Linux (in Off-topic)

Doom Lit Sky March 14 2006 11:40 AM EST

How do I run Linux and Windows on the same system?

AdminJonathan March 14 2006 11:51 AM EST

most people dual boot

VMWare player is now free, so that might be an option too

then there's colinux which is hella cool but rather less user-friendly to install

Tezmac March 14 2006 11:53 AM EST

We have a guy in the office that likes Win4Lin, maybe its worth a demo download?

bartjan March 14 2006 11:54 AM EST

Dual Boot. Have a separate partition for Linux, and choose between Linux and Windows when you boot up.
Most distributions allow you to resize your existing partition(s) to make room.

Another way is to use a Live CD (like Knoppix, or the Kororaa GLX demo (if eye candy is what you want ;)
With a Live CDrom, you boot Linux from CDrom. OK, it's slower than from harddisk, and saving changes is a bit more difficult ;)) but on the other hand no changes to your existing system is made.

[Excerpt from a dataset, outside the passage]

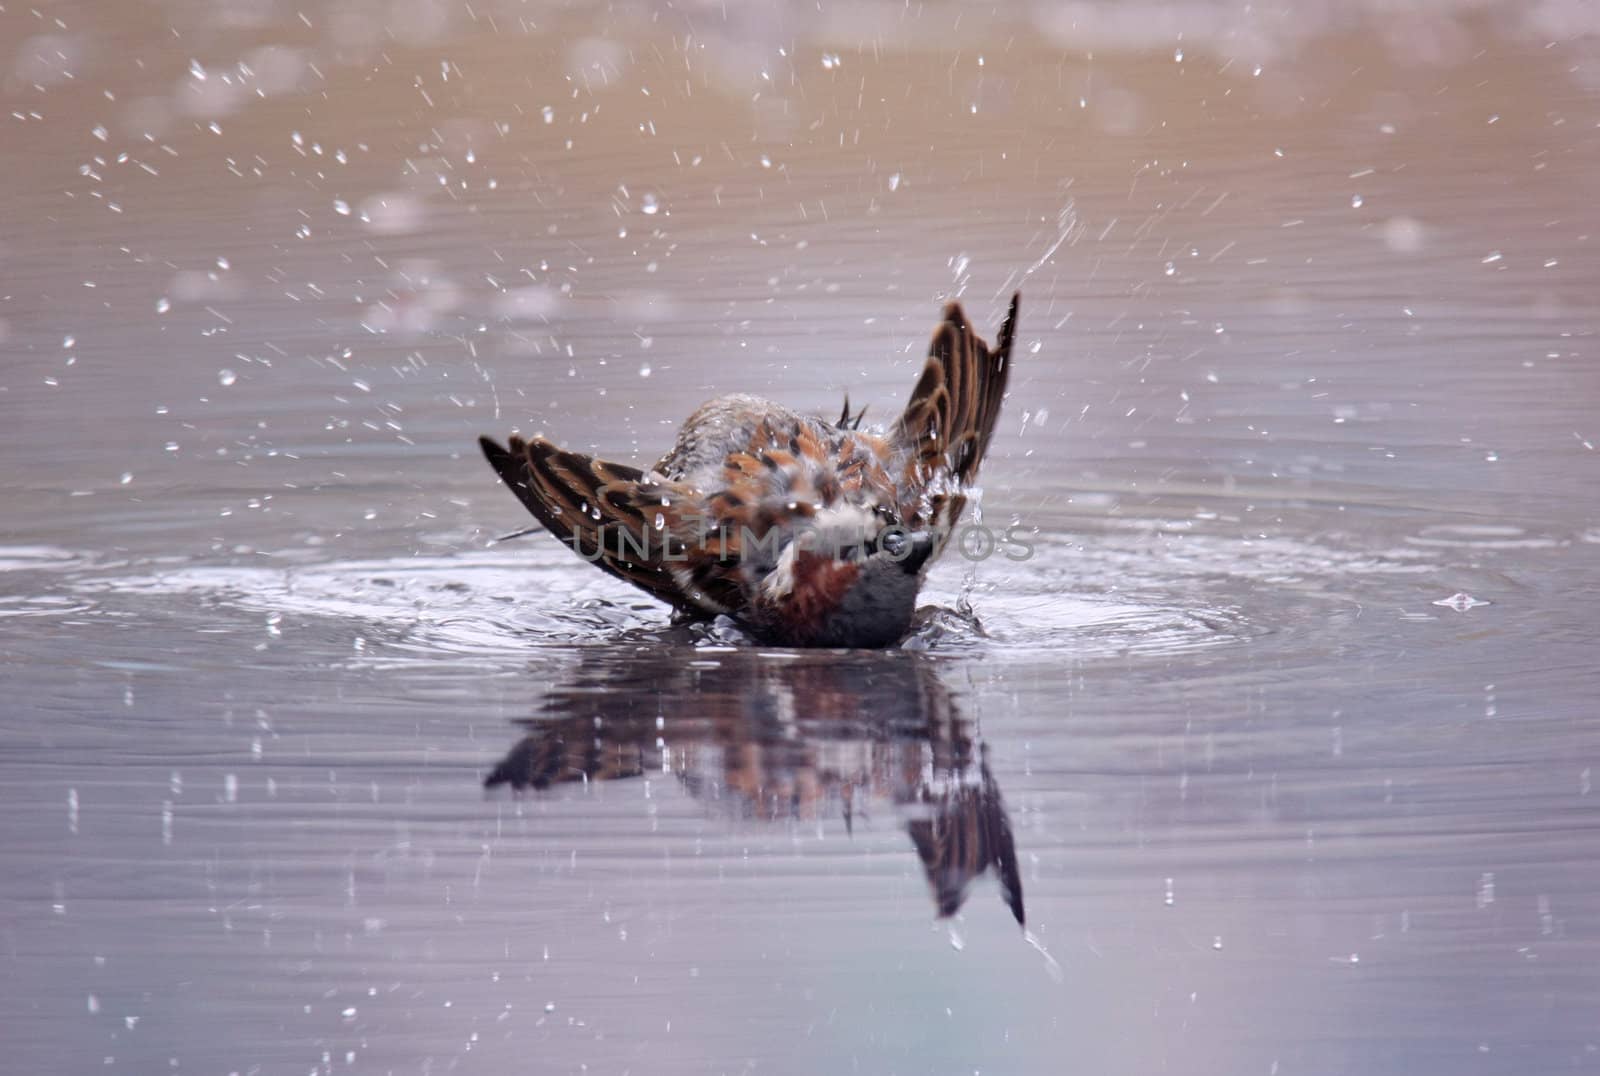 Bird Bath by Alvinge

AdminQBnovice [Cult of the Valaraukar] March 14 2006 11:55 AM EST

There are any number of way to accomplish your goal. There are also a seemingly endless number HOWTO docs for it. Most Linux install programs
have the ability to setup a dual boot system, I would suggest starting with VMware however, since you can hose your disk doing that.

Doom Lit Sky March 14 2006 12:06 PM EST

I think I'll check out Vmware, I've taken up an interest in coding, and a friend told me Python is one of the best languages to learn first. I just don't want to make my room-mate's head spin by completely changing his OS. (was told linux was the only way to go)

Doom Lit Sky March 14 2006 12:07 PM EST

Changed my mind, Dual Boot sounds like the best way. Now to find a HOWTO.

bartjan March 14 2006 12:22 PM EST

I would be surprised if there was no Python available for Windows. Another approach could be to install Cygwin under Windows. This comes with a great amount of Unix programs, for Windows.

Doom Lit Sky March 14 2006 12:32 PM EST

So many options :| I just want to learn python, trying to take it one step at a time. Figured I could go: Python, C, C++, LISP, Perl.

QBsutekh137 March 14 2006 12:33 PM EST

Python is available for Windows. Google it. Has a Windows installer and everything, and has some great modules for everything from automating Word/Excel to using .NET libs.

Doom Lit Sky March 14 2006 12:38 PM EST

When in doubt, GOOGLE!

Thanks for the quick answers, if anyone has advice for someone just beginning to learn a language, or programming in general, all help is graciously accepted.

QBsutekh137 March 14 2006 12:45 PM EST

My advice is that Python is wonderful, and here's why.

Python let's you play. It has a command line where you can play with single lines of code or run modules. It is the same reason I fell in love with (and still love) Visual Foxpro. There's nothing like playing with objects or data access one line at a time and exploring the methods, properties, and syntax of the language (especially with Intellisense).

Lots of languages have such interactive capabilities now, at least in the debugger or in wizards, etc. But Python and Foxpro have had what I call "Command Windows" since the beginning. In VFP, the commands can be saved and scrolled back darn neared infinitely, and you can even select entire blocks of code and have them run at once (I haven't been able to figure out how to do that in Python's command window or in IDLE without having write a file).

Bottom line: play around. A LOT. When you don't understand something, write snippets of code, even stupid code, until things are operating as you expect them to. That means you have mastered that concept. The brain thrives on trial and error at times -- use that to your advantage.

AdminJonathan March 14 2006 12:50 PM EST

For someone new to python on Windows I would recommend giving SPE a try. (Yeah, google it. :) The learning curve isn't much higher than IDLE and it's a lot more sophisticated.

QBsutekh137 March 14 2006 1:11 PM EST

Oh my, that does look nice... Thanks for that tidbit, Jonathan!